На всех дорогах мгла - страница 8



Но это не приносило облегчения. Недавние схватка и отблеск уличного фонаря на лезвии ножа все еще стояли у них перед глазами.

И, словно далекая грозовая туча, чернела память о далекой войне.

– Я был в Афганистане, но это не главное в моей жизни, – ответил Черский. – Нет в этом ничего особенного, нас таких десятки тысяч. Я уже и не помню, что там чувствовал, как это все проживал. Можно сказать, что я всю жизнь жил так, как считаю нужным. Потом оказался на войне и действовал там так, как привык. Иногда это приносило пользу, иногда вред, а много для каких случаев я и сам не знаю, чем все закончилось. Потом я снова оказался в мирной жизни и продолжаю жить как привык. Вот и сейчас действовал как привык, а война тут ни при чем. Не было бы войны – все равно я бы то же самое сделал. Понимаю, что выглядит необычно. Но это потому, что у меня военное образование.

– По тебе видно.

– По мне еще не видно. Вот был у нас полковник, сирота, он с десяти лет в Суворовском училище. Никакой другой жизни вообще не видел. Вот у него была закваска, какая мне и не снилась. У меня среди преподов были боевые офицеры, но даже близко похожих на него не было. Ни разу не слышал, чтобы он даже голос повысил. Просто прибывал в расположение части – и это было достаточно. Не знаю насчет боеспособности, но порядок у него стоял такой, что моджахеды даже сунуться боялись.

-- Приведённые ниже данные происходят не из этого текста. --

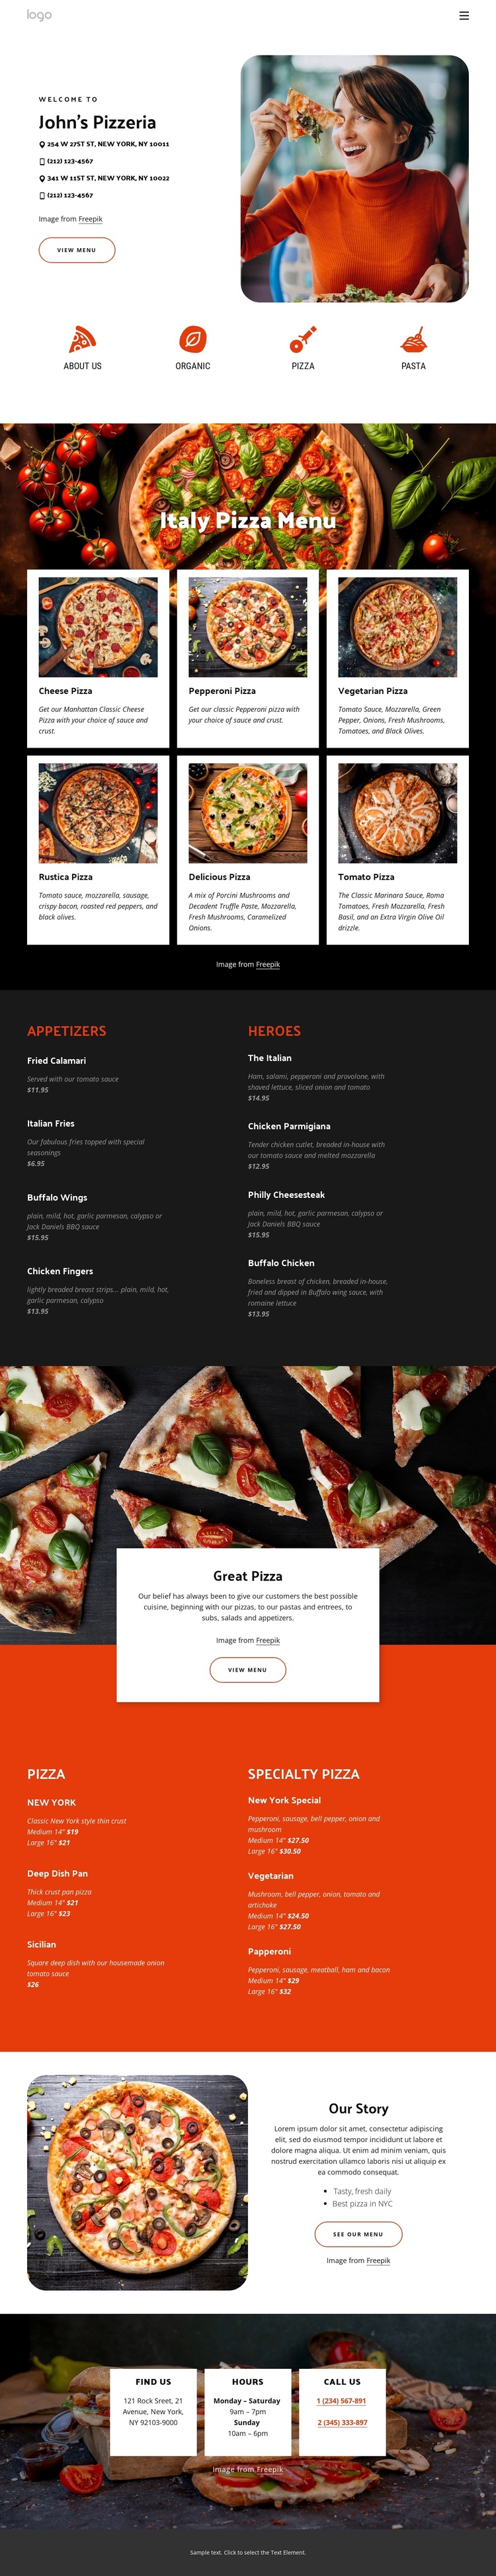 Pizzeria Website Builder Software

– Не думаю, что смогла бы подружиться с таким человеком. Но интервью взять было бы интересно.

– Я бы и сам его взял, но он где-то в Подмосковье сейчас живет, все контакты потерялись. Даже не в курсе, вышел ли он в отставку.

– Если для тебя это важно, – Нэнэ опустила глаза, – то я сама не знаю, что об этом думать. Войны я боюсь, наверное, как все женщины.

Черский почувствовал, что слова опять подкатили к горлу. Наверное, из-за этого он и пошел в журналисты – потому что надо было куда-то девать эти слова, которые сразу шли абзацами и колонками.

Он надеялся, что рано или поздно научится производить слова под любую заданную тему, будет с ходу писать когда угодно и о чем угодно. Этого пока не произошло. Слова лились по любому проблемному поводу – но опусы неинтересные, вроде этого, про бомжей, приходилось писать по предложению за раз.

– Я не слышу никакой разницы мнений, – заговорил он. – Сейчас про Афганскую войну все говорят примерно одно и то же: и популярные московские журналы, где много глянца и дорогих шлюх, и наши местные дурачки вроде Баковича, и даже наш бесконечно далекий Съезд народных депутатов в своих важнейших резолюциях. Знать бы, откуда такое единомыслие нарисовалось, кто это придумал, а потом им в головы вколотил… Все говорят одно и то же: якобы плохие старики из политбюро втравили хороших молодых парней в плохое дело. Вот и наделали парни некоторых безобразий. Хорошая схема, соглашусь. Нам, тем, кто там служил, она очень хорошо лижет где надо и отпускает все неизбежные грехи. Но я осмеливаюсь пользоваться своей головой, понимаешь? Я говорю это трезвым, и потому можешь быть уверена в моем спокойствии: я просто осмеливаюсь пользоваться своей головой. Мои глаза видели, мое сердце чувствовало, а мои мозги запомнили совсем другое: может быть, плохие старики пытались руками не очень хороших парней сделать в общем-то не такое и плохое дело? Может, и не надо было страну этим моджахедам отдавать вместе с жителями?

– И осталась обида, что дело провалилось?